Sir Colin James Maiden (5 May 1933 – 31 July 2024) was a New Zealand mechanical engineer, university administrator and company director.

==Biography==
Maiden was born in Auckland on 5 May 1933, the son of Henry Arnold Maiden and Lorna Maiden (née Richardson). He was educated at Auckland Grammar School where he played in the school's 1st XV rugby union team. He then attended Auckland University College completing a Bachelor and Master of Engineering, graduating with the latter degree in 1956. In 1955 he was awarded a Rhodes Scholarship to attend Exeter College, Oxford, where he completed his doctorate in 1957. While at Oxford, Maiden was awarded a tennis Blue.

In 1957, Maiden married Jenefor Mary Rowe, and the couple went on to have four children.

Maiden then took up a research post at the Canadian Armament Research and Development Establishment in Quebec, where he investigated the flight of high-velocity projectiles into space.
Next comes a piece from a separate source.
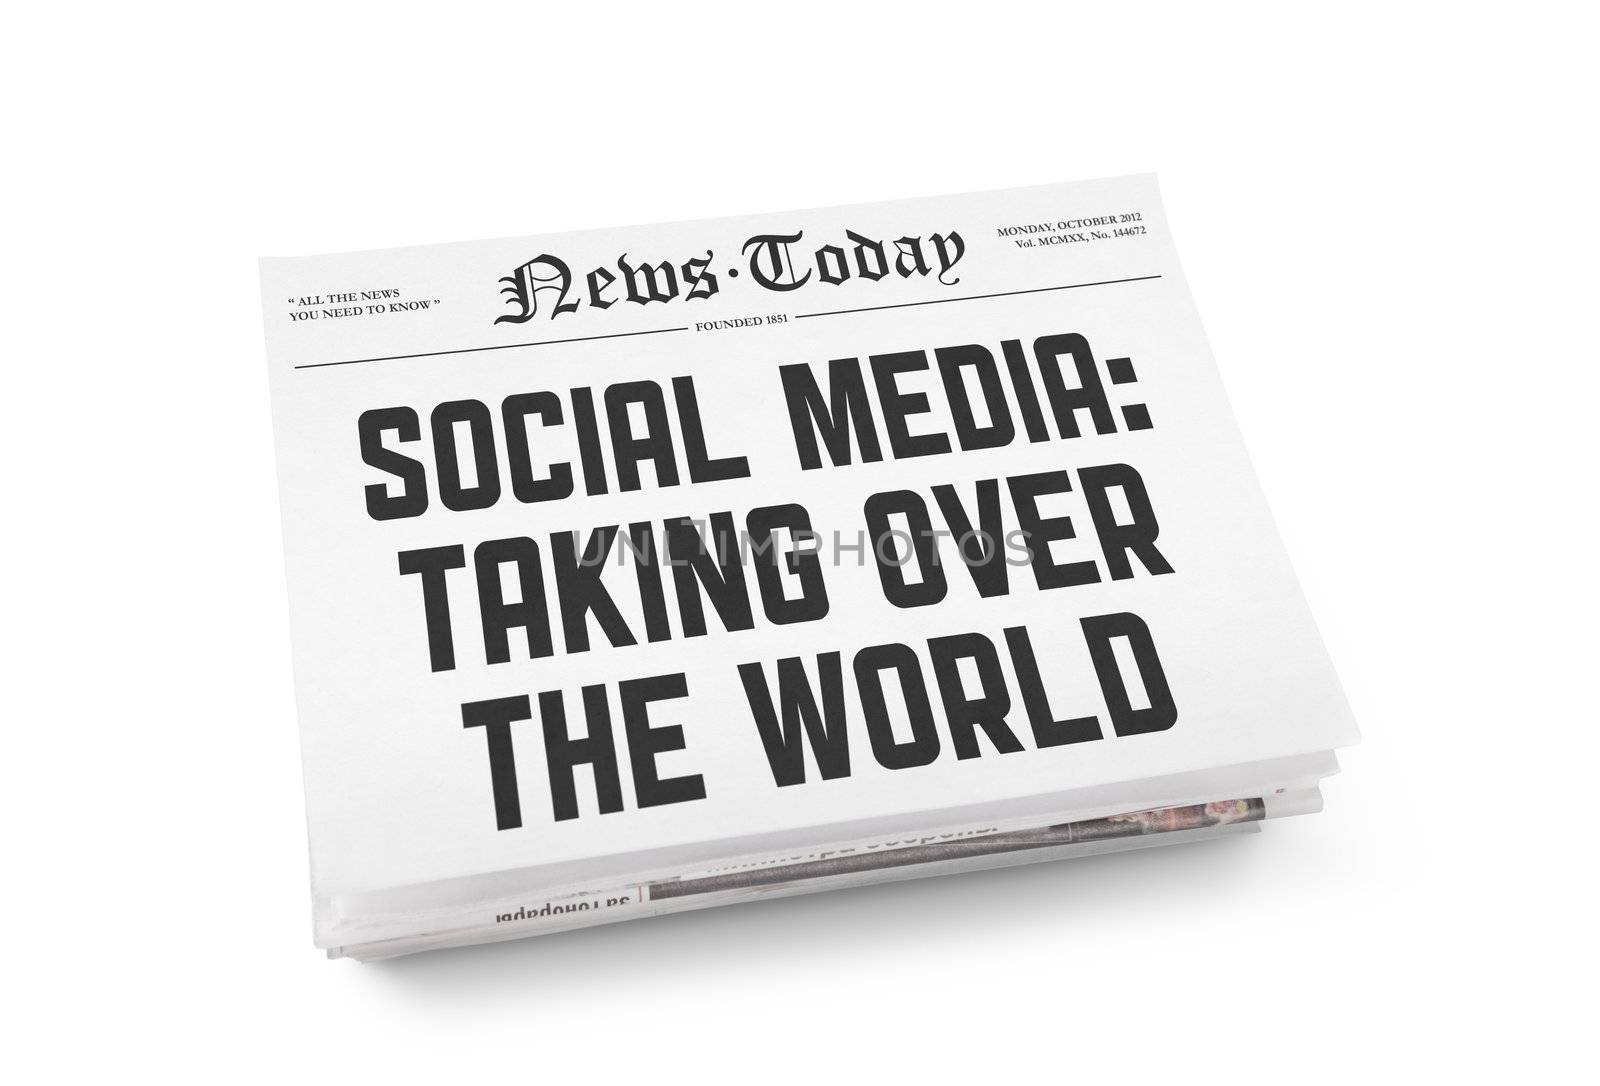 Social media newspaper concept by bloomua

In 1960 he returned to the School of Engineering at Auckland, and a senior lectureship in mechanical engineering. However, after a year he moved to the General Motors (GM) defence division in Santa Barbara, California, to research hypervelocity flight, and in 1966 he was appointed head of GM's metal-forming and die department in Detroit.
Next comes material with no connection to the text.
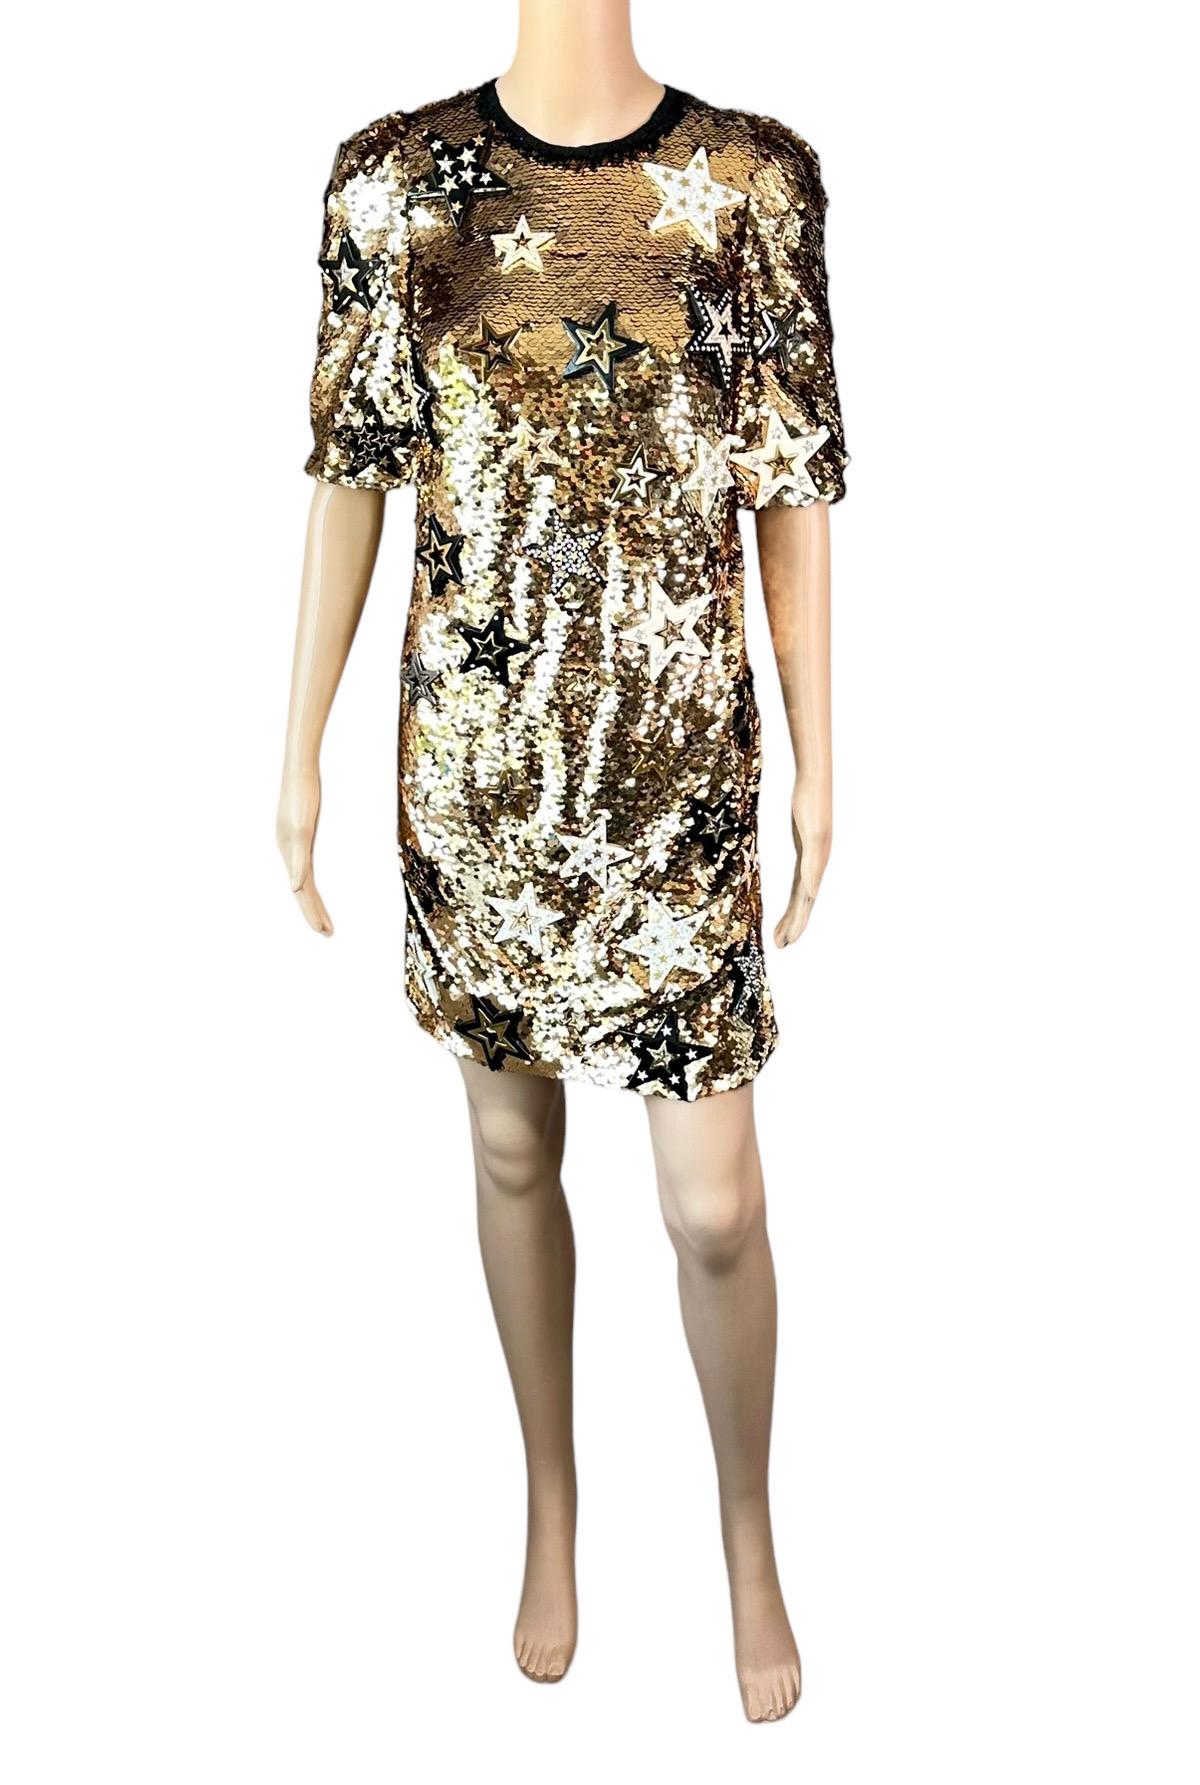 Dolce & Gabbana F/W 2011 Runway Unworn Embellished Star Sequined Gold Mini Dress For Sale 5

He then served as vice chancellor of the University of Auckland from 1971 to 1994. At his appointment he was the youngest vice chancellor in the Commonwealth, and by the time he left the post he was the longest serving Commonwealth vice chancellor. During this period he served on a number of New Zealand government committees, including the Energy Research and Development Committee and the Liquid Fuels Trust Board.
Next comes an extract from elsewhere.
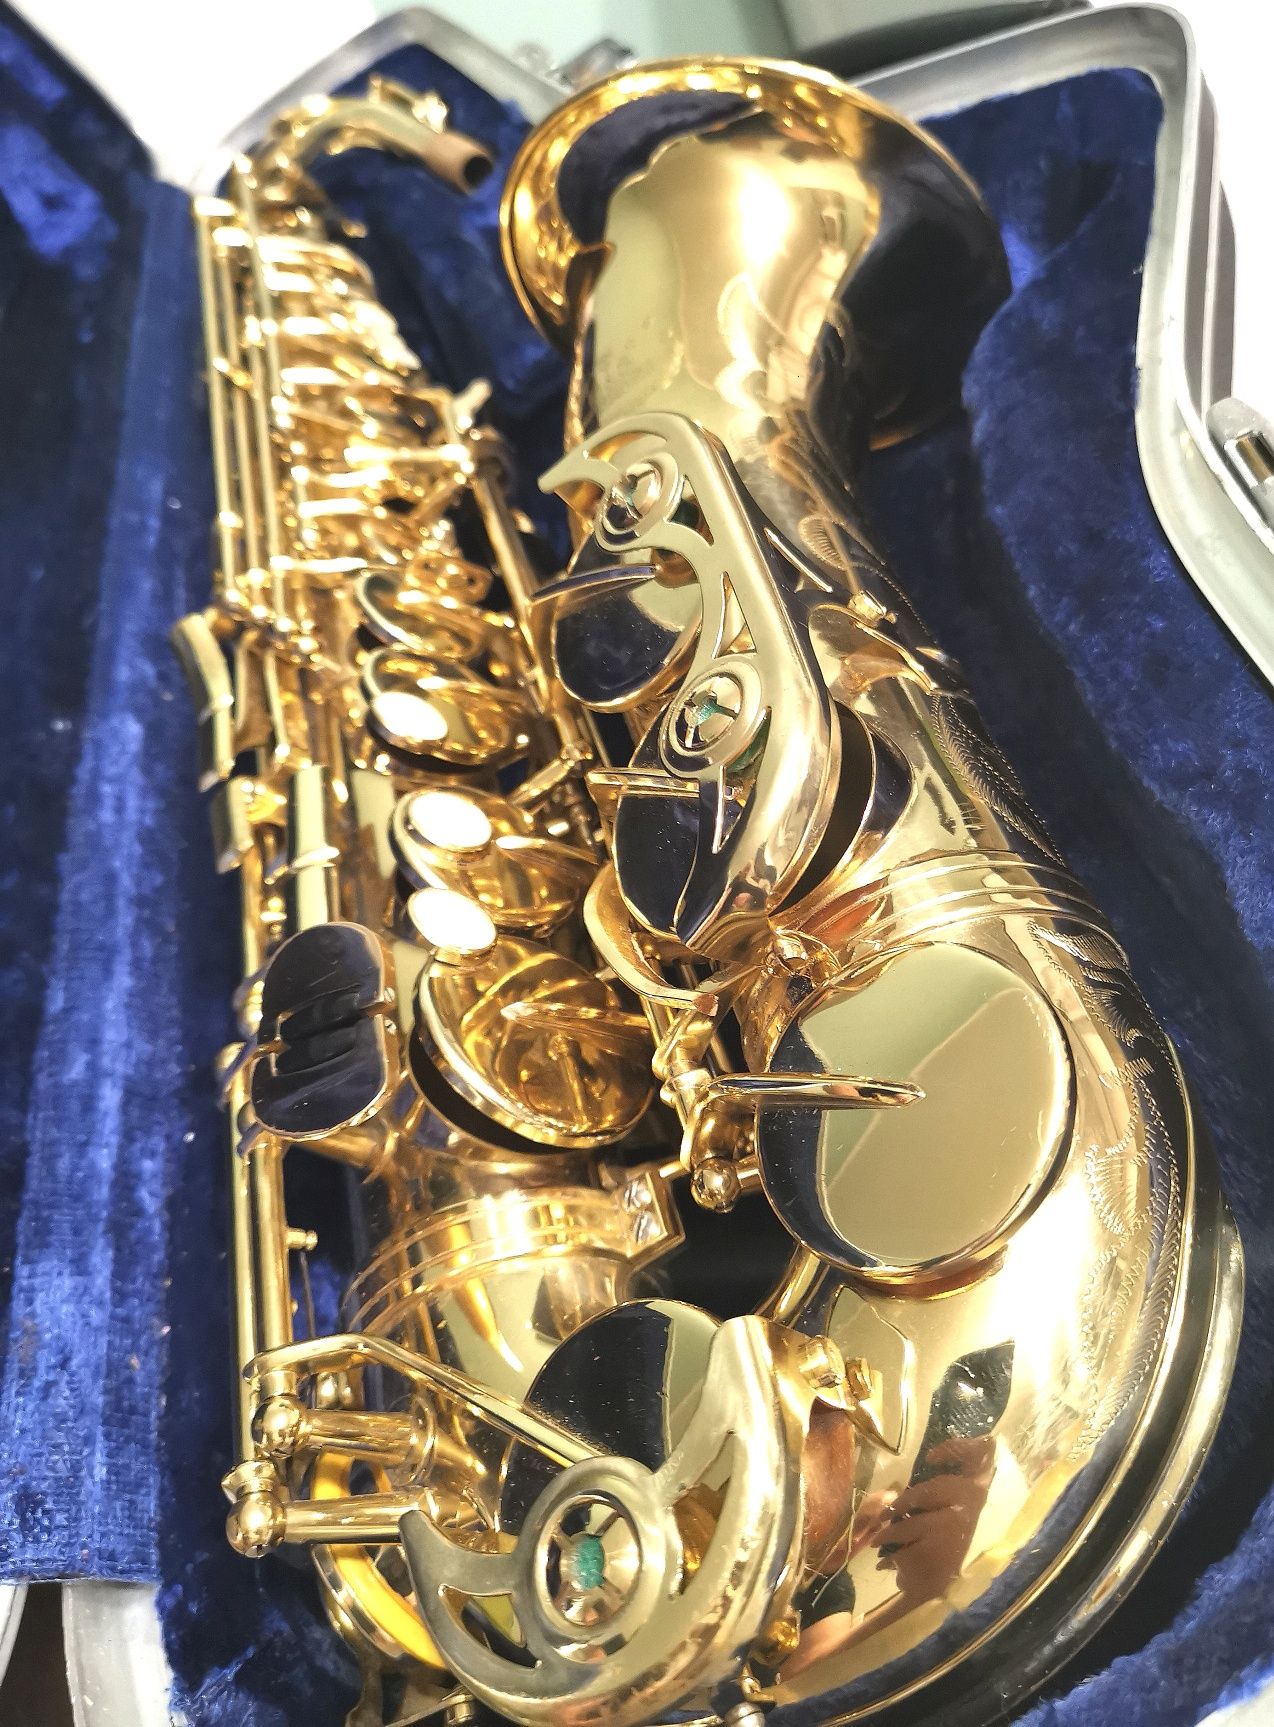 Saksofon altowy B&S model 2001 - seria profesjonalna.

Following his retirement as vice chancellor, Maiden held directorships of many leading New Zealand companies including Fisher & Paykel Healthcare, DB Breweries, Mason Industries, Farmers Trading Company, Progressive Enterprises, ANZ Banking Group, Foodland Associated, New Zealand Steel, Winstone, Wilkins & Davies, National Insurance, Tower Corporation, and Independent Newspapers.

The Royal Society of New Zealand awarded the Thomson Medal to Maiden in 1986. In the 1992 New Year Honours, Maiden was appointed a Knight Bachelor, for services to education and business management, and in 1994 he was awarded an honorary LLD by the University of Auckland. He was an Honorary Fellow of his University of Oxford alma mater, Exeter College, where he studied as a Rhodes Scholar.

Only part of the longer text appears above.